Now this is where loras and specific models come into play. when you use them you significantly decrease the blue circle as shown below.
but still that only gets you closer to what you want and while extremely helpful sometimes more is needed.
What I've come to discover is that if you want get that circle even smaller you have to give comfy guide lines. using a mix of controlnet, img2img, and inpainting you can create some very dynamic pieces that would be close to impossible to get on a single generation alone, even with XL.
step1: Start with a rough draft
it can be any size but 512x512 is recommended, make sure to add your loras in the rough draft since its the most crucial part. set your batch size to 4 and just keep generating until you see an image thats going in the right direction of what you want. Also if you have a specific pose you want to use put the controlnet pose in at this point aswell.
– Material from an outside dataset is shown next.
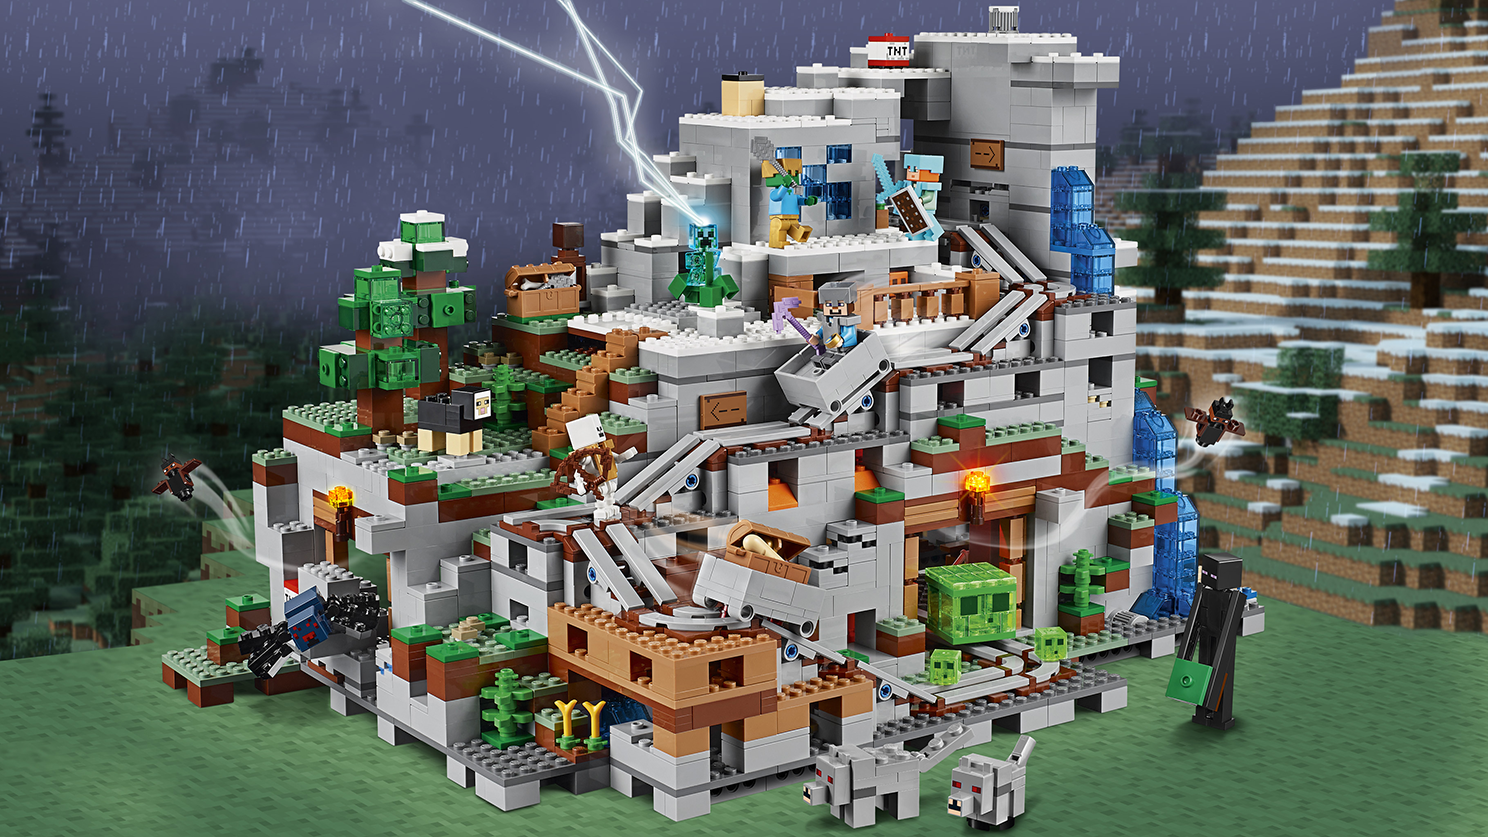 山の洞窟 21137 - レゴ®マインクラフト セット - LEGO.comキッズ

Step 2: Refining the rough draft
Now that you have a rough idea of what you want (pun intended) its time to put it into img2img controlnet and refine it.
I'll share my workflow at the end of this but be sure to use the ImageScaleToTotalPixels node or just upscale the base image to 1024x1024. the more pixels you have the more youl be able to edit your image. basically this will make comfy have an easier time changing things in your model to what you want. Set the Controlnet strength to .75 to give it just enough wiggle room and 5-8 cfg depending how detailed your prompt is. ive found the when you have alot of specifications there tends to be contradictions that you arnt aware of and a lower cfg lets comfy ignore your unreasonable demands and put in the ones it can.
Now you wanna take that output image and put it in as the new input image and refine it again then fix the seed. This is were you want to make slight changes to your prompt and play with the cfg and controlnet strengths to get your image even closer to what you want.
Step 3: Final refine
After tweaking your settings and getting it even closer to what you want you wanna take that new image and put it in the input but this time add a high res fix to it which should fix the majority of the remaining issues. I recommend 1.5 upscale and .75 denoise with the ttl_nn upscaler model. again i'll attach my workflow at the end of this.
For most of my renders at this point have come out perfectly (pretty close to what I want) with ought any further editing needed but for the ones that still need additional touching up, like the example I'm currently using, I use inpainting.
Step 4: Inpaint the small details.
So when you have to inpaint you should make sure its only small details hear and there otherwise you might aswell save some time and go back to step 2. for me it was only the wings, head, and dagger. For lack of a better method I switch back to stable diffusion for my inpainting. be sure to match the steps and sampler that the previous image was generated with to avoid out of place looking features.
The wings and head were an easy fix, which only left the dagger. for things like these i find it best to delete the feature thats already there and use the "fill" Option to inpaint a rough image of what you want. Im no expert but as far as i can tell Fill adds items to the image regardless of whats already there.
For example if i were to use "original" then SD would try to figure out a way to use the sun and the characters and hand make a dagger which usually ends up as a warped mess. using "fill" will just put the dagger in, granted it will look out of place but thats why after you get somewhat of the image you want switch back to "original" and turn on controlnet>depth> and prioritize prompt. always gotta give it a little wiggle room lol. and then you should have a nice final image.
step 5: Upscale that bad boi
This is optional But I like to upscale the final image by like 4 or 6 so its suitable for instagram, wallpapers, posters, etc.
Over all its far easier and less time consuming to guide your generations into a what you want than trying to get it in one go. this is especially useful for commissions that need to be a certain way with no exceptions.
The workflow files should be attached also idk why people think this but the comfy community doesn't horde workflows. the thing is that most people understand that it is extremely beneficial for people to learn the nodes and how comfy works rather than just giving them a workflow. Throught my time using it ive had a countless amount of questions and never have i met anyone that wasnt willing to walk me through it let alone not answer me. but for the sake of putting these rumors to rest the workflows are attached but i emplore anyone new to comfy to try and recreate said workflows and understand how they work.
well i think thats about it. feel free to message me with any questions
The controlnet workflow is based off of somone els's, i forgot who which is why i didnt give them credit
Refine with an XL model for best results
If for watever reason the node manager isnt able to identify the nodes and models used; update the manager and comfy and that should fix the problem
Yes the donut was generated with just "donut" as the prompt